- **PROBLEM DESCRIPTION**
Once you find the line with "restaurant workers clipart - photo #44" in the listing below, set down exactly every line from it through the line with "Chanel collectors right", but no pictures.

- **INFORMATION PROVIDED**
↓

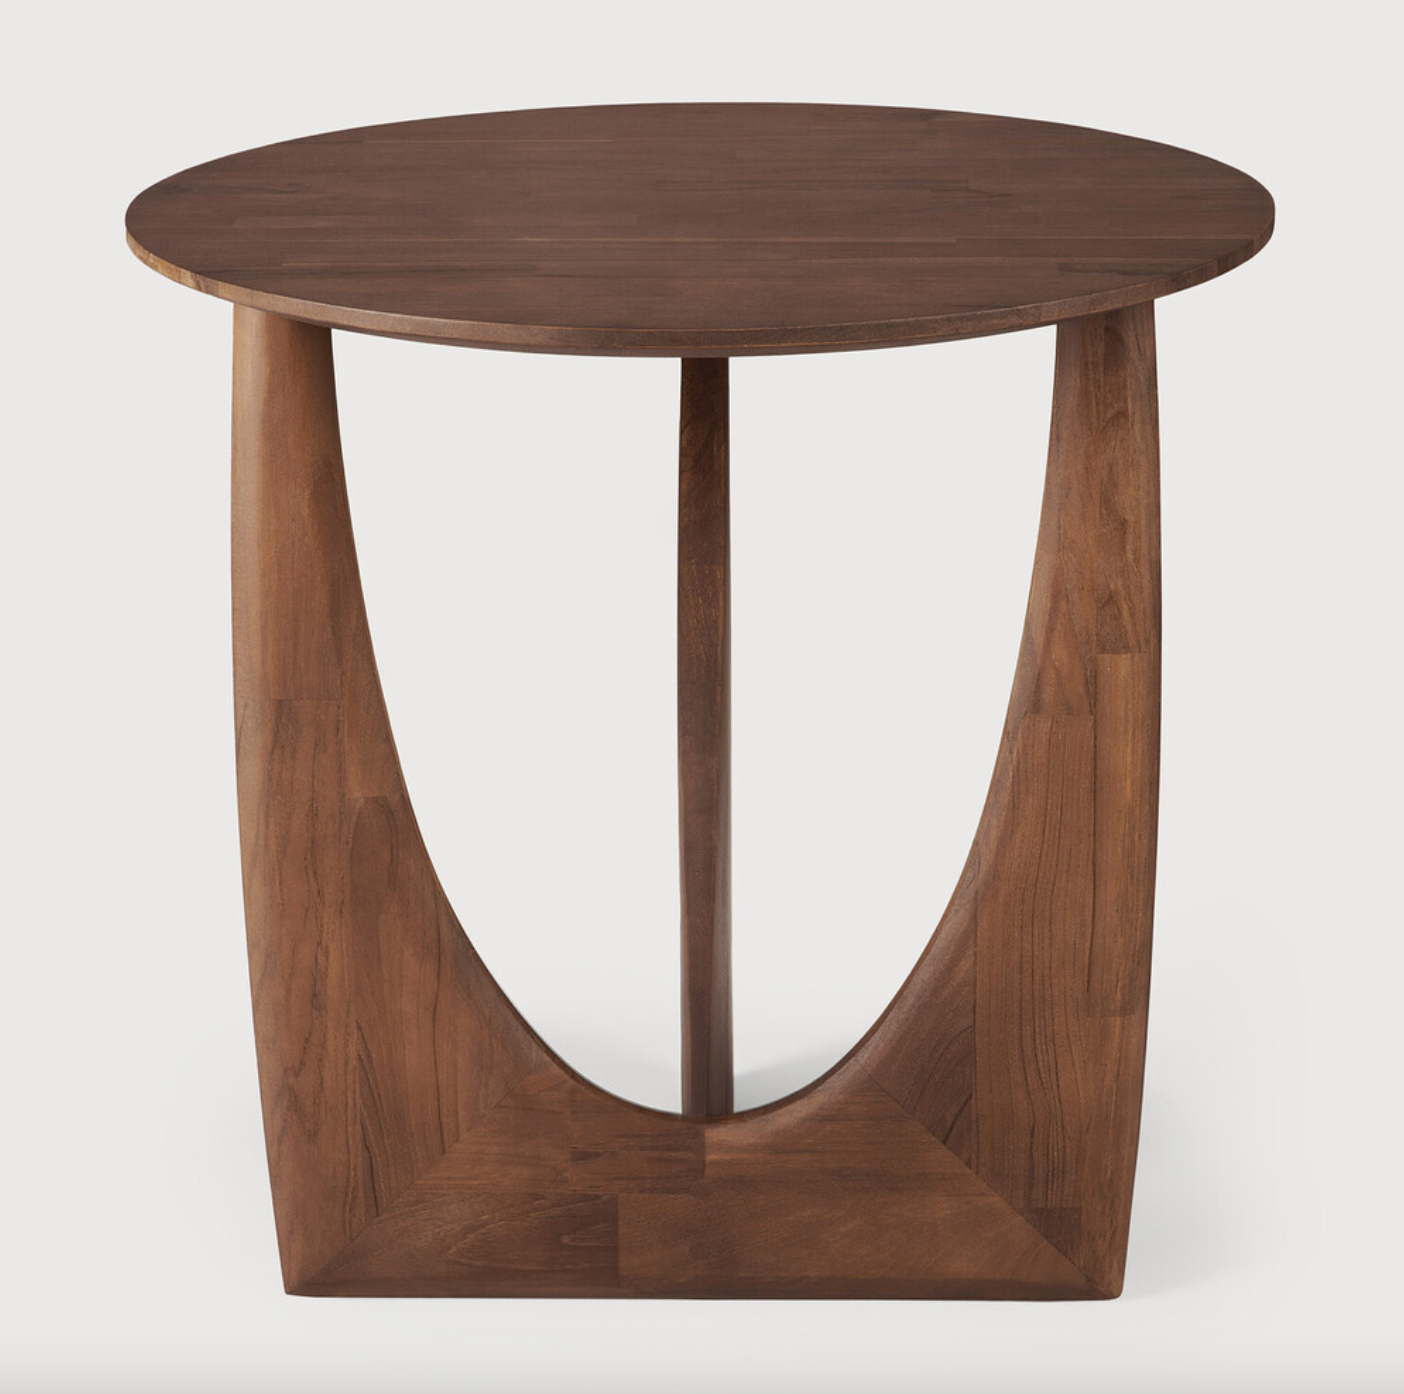 From any angle, the Teak Geometric Side Table does not only look different, it also becomes different. We love seeing this table as a sculptural accent to your living space or office.  Designed by Alain van Havre  Dimensions: 20.5"w x 20.5"d x 20"h  Weight: 11 lbs  Material: Teak Finish: Varnished
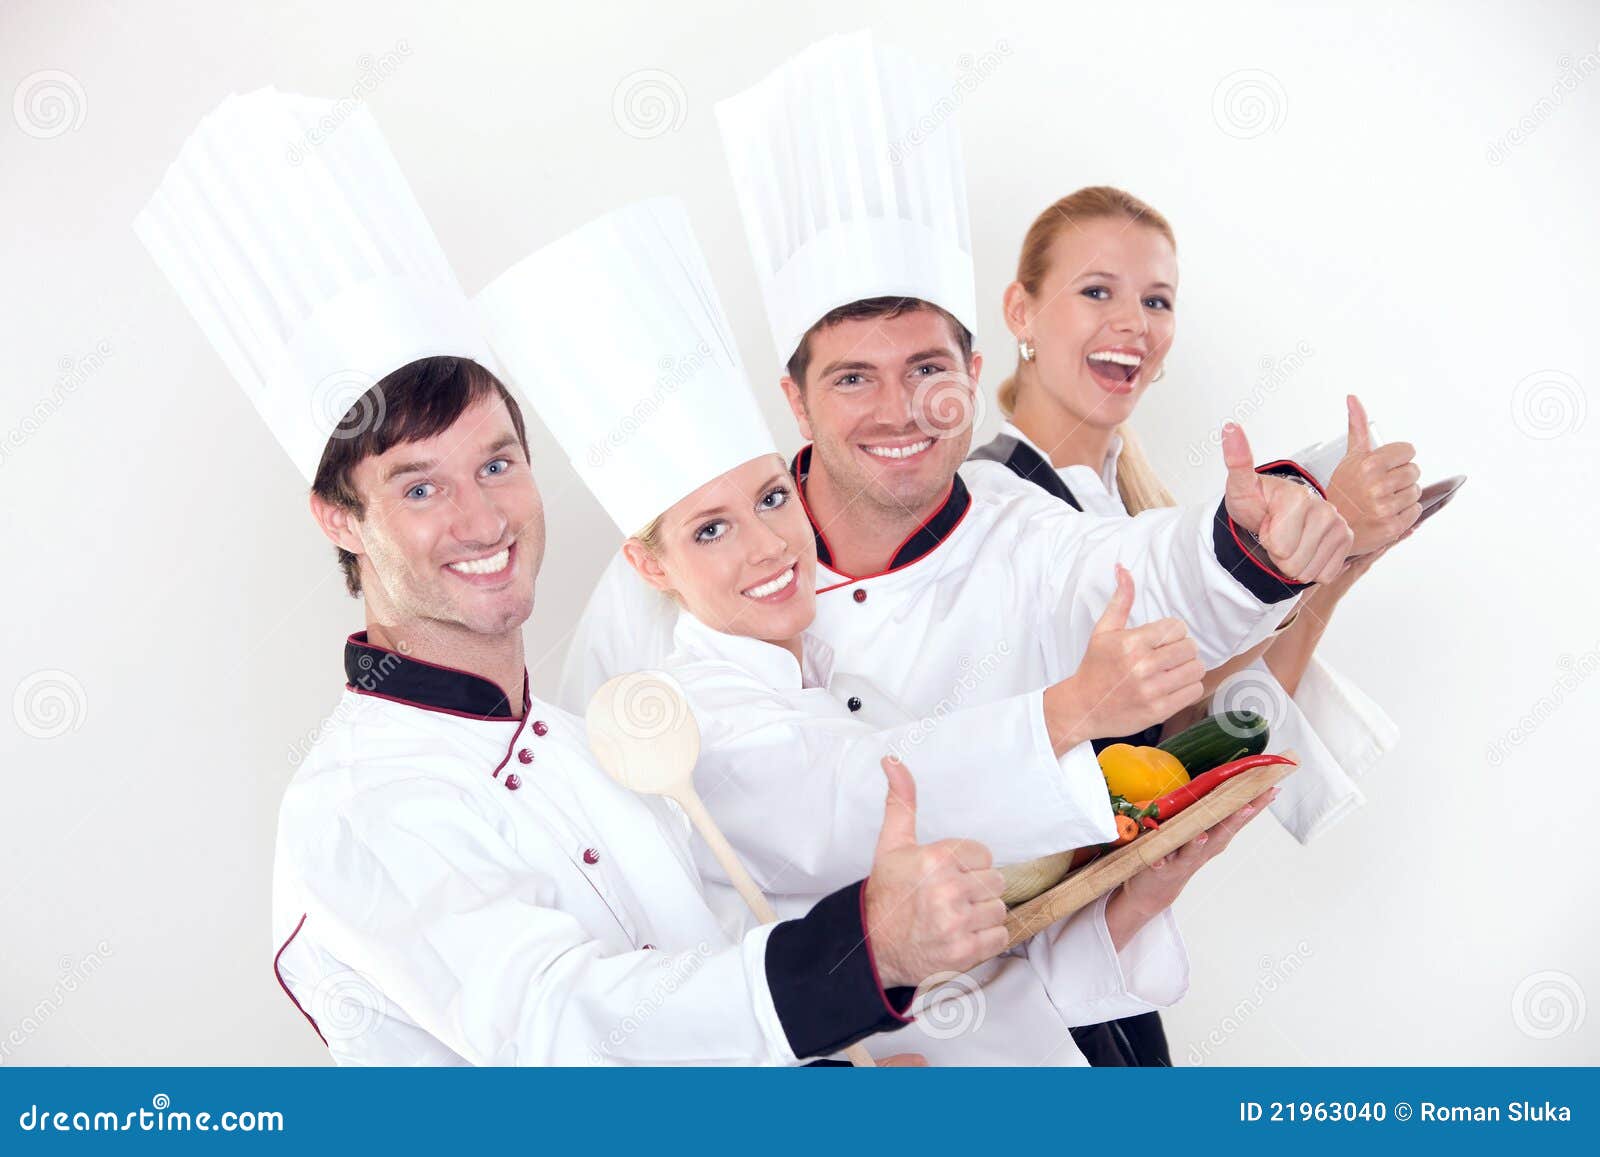 restaurant workers clipart - photo #44
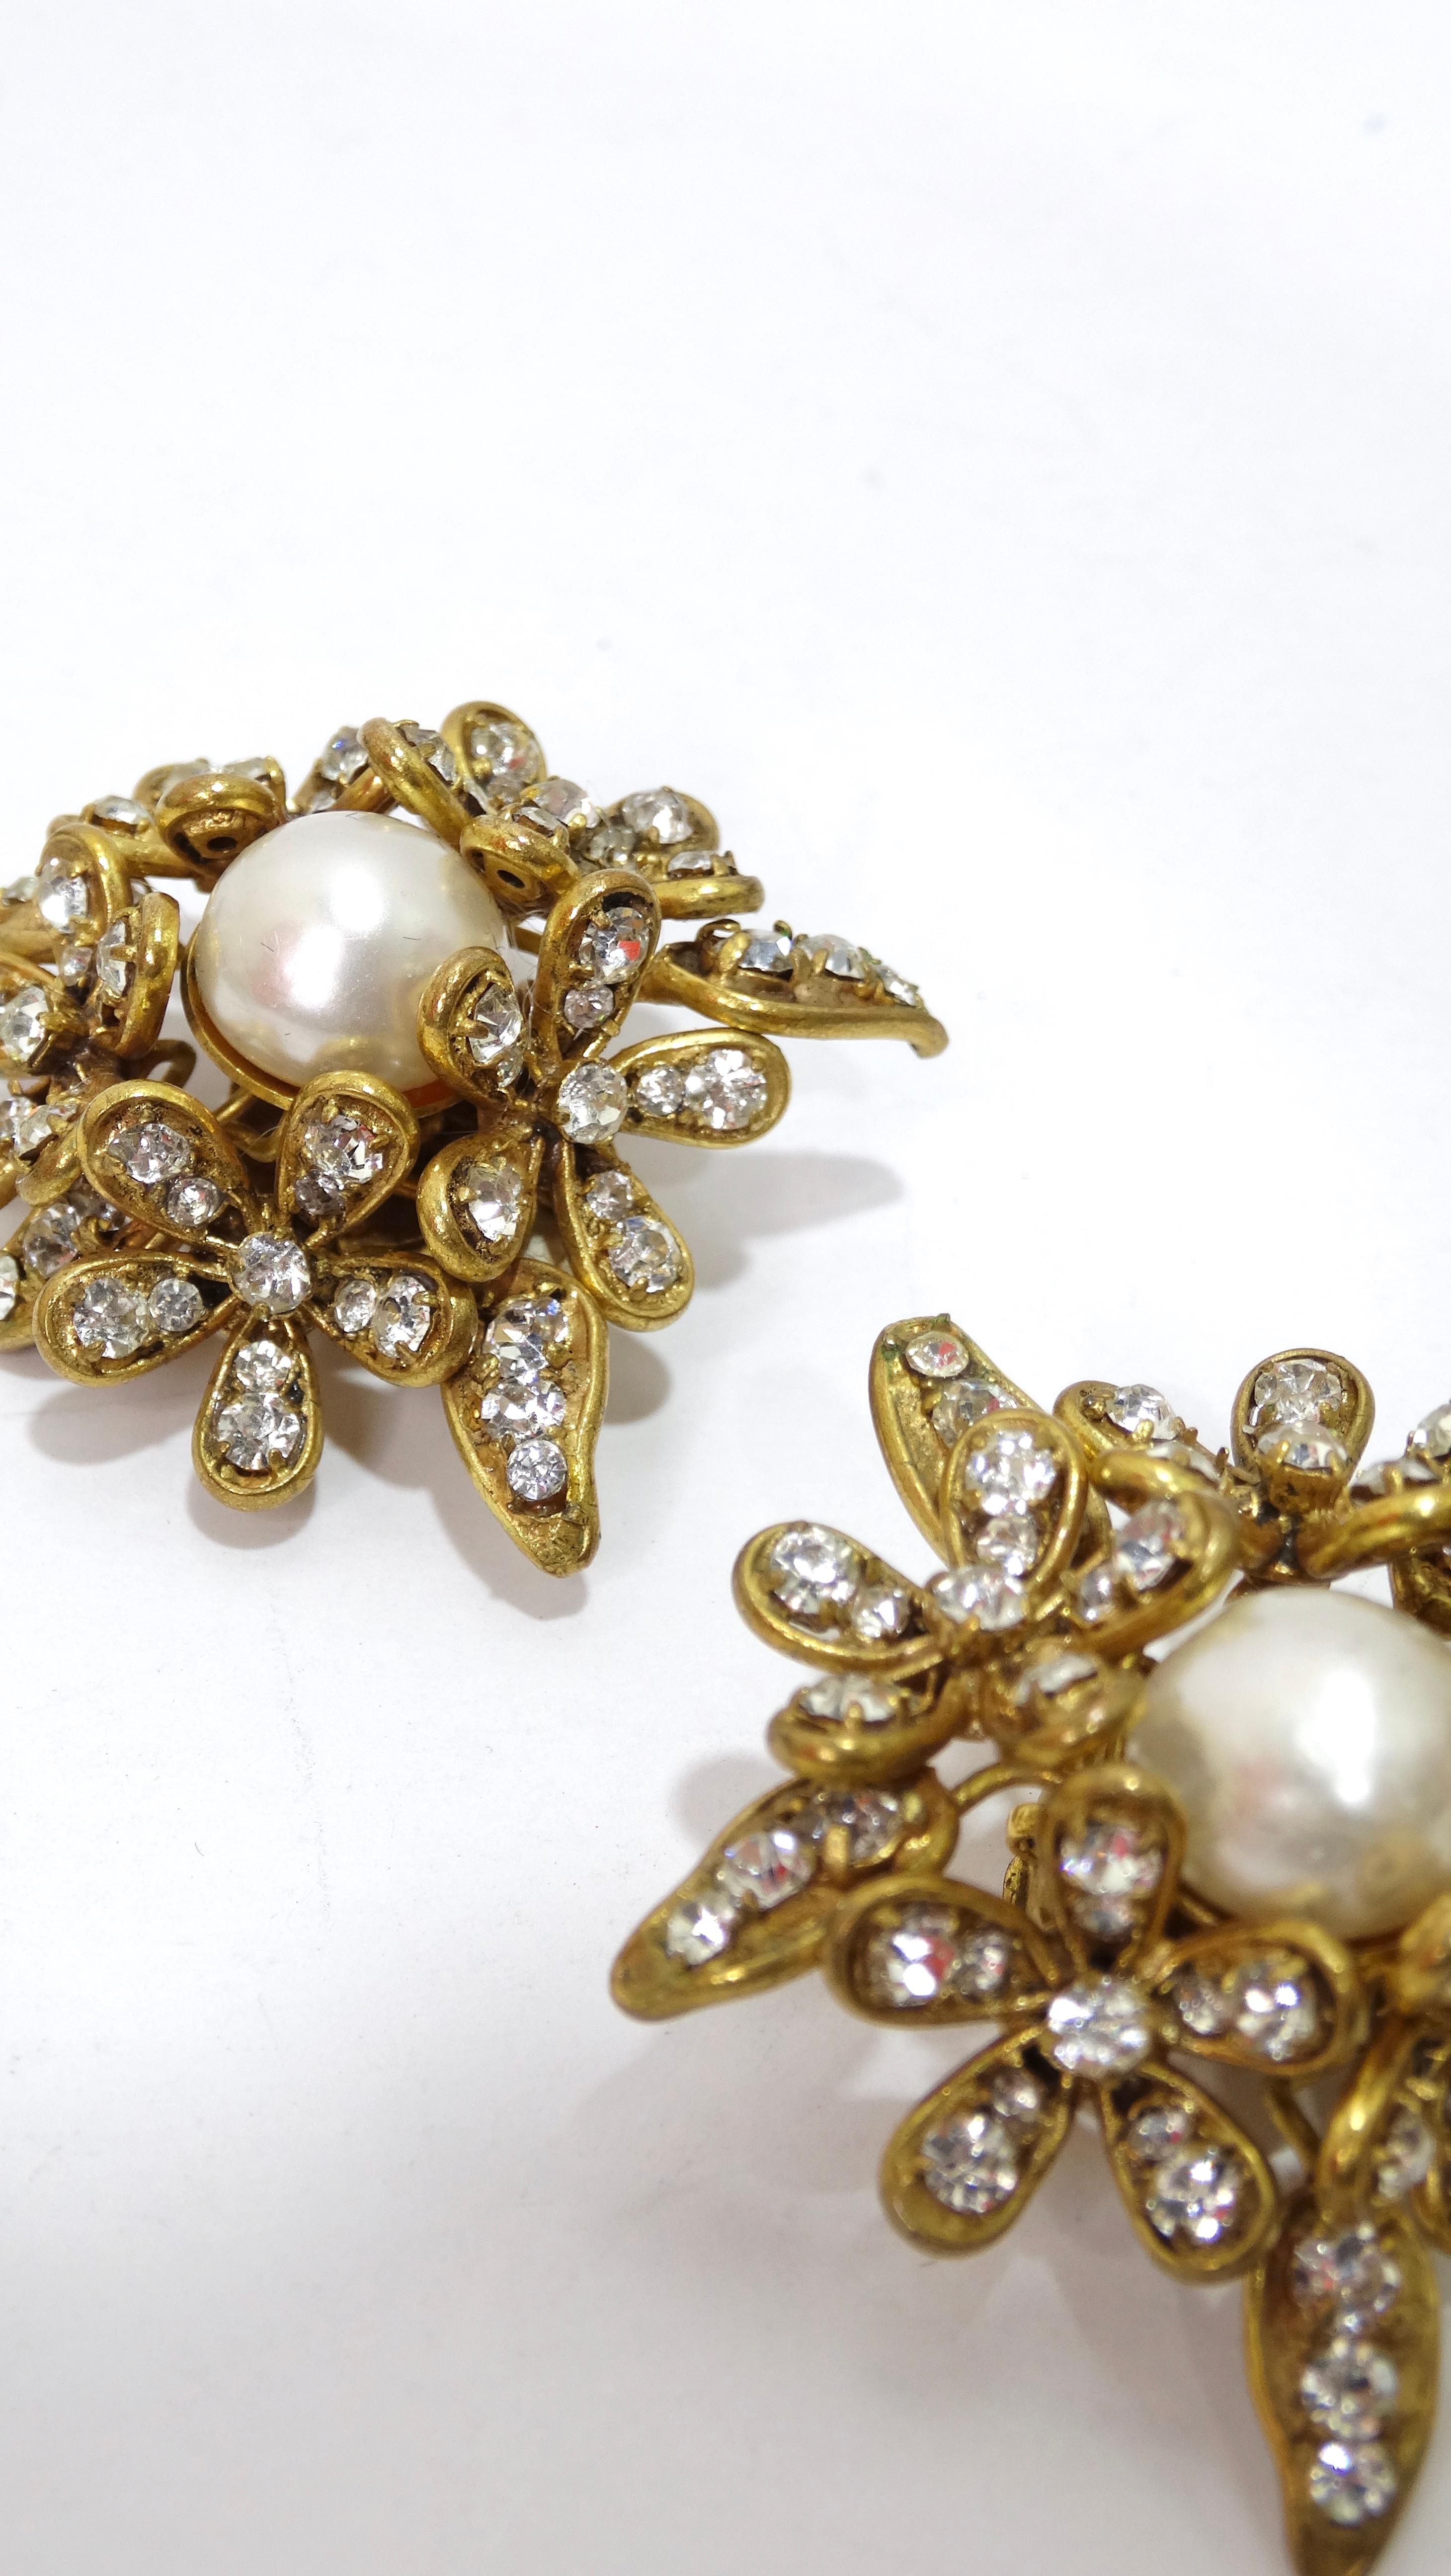 Chanel collectors right this way! This is an ultra-rare piece of Chanel jewelry you cannot find anywhere else. Doesn't it feel good to have someone no one else has? You will feel refined and confident in these vibrant gold, crystal, and pearl
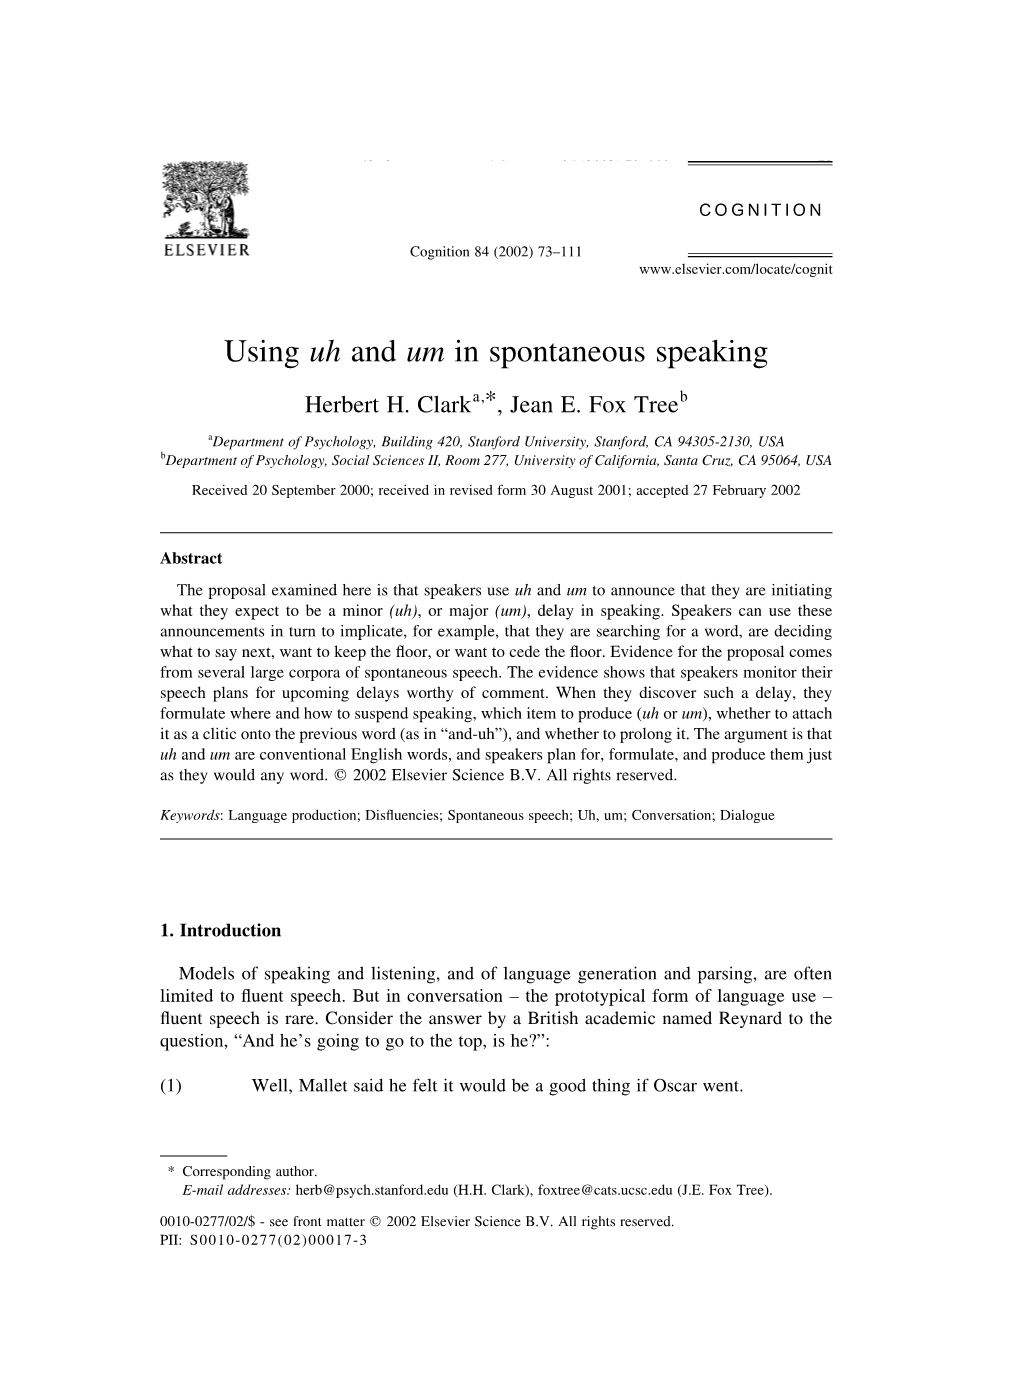 Using Uh and Um in Spontaneous Speaking

↑

- **SOLUTION FOR THIS PROBLEM**
 restaurant workers clipart - photo #44
 Chanel collectors right this way! This is an ultra-rare piece of Chanel jewelry you cannot find anywhere else. Doesn't it feel good to have someone no one else has? You will feel refined and confident in these vibrant gold, crystal, and pearl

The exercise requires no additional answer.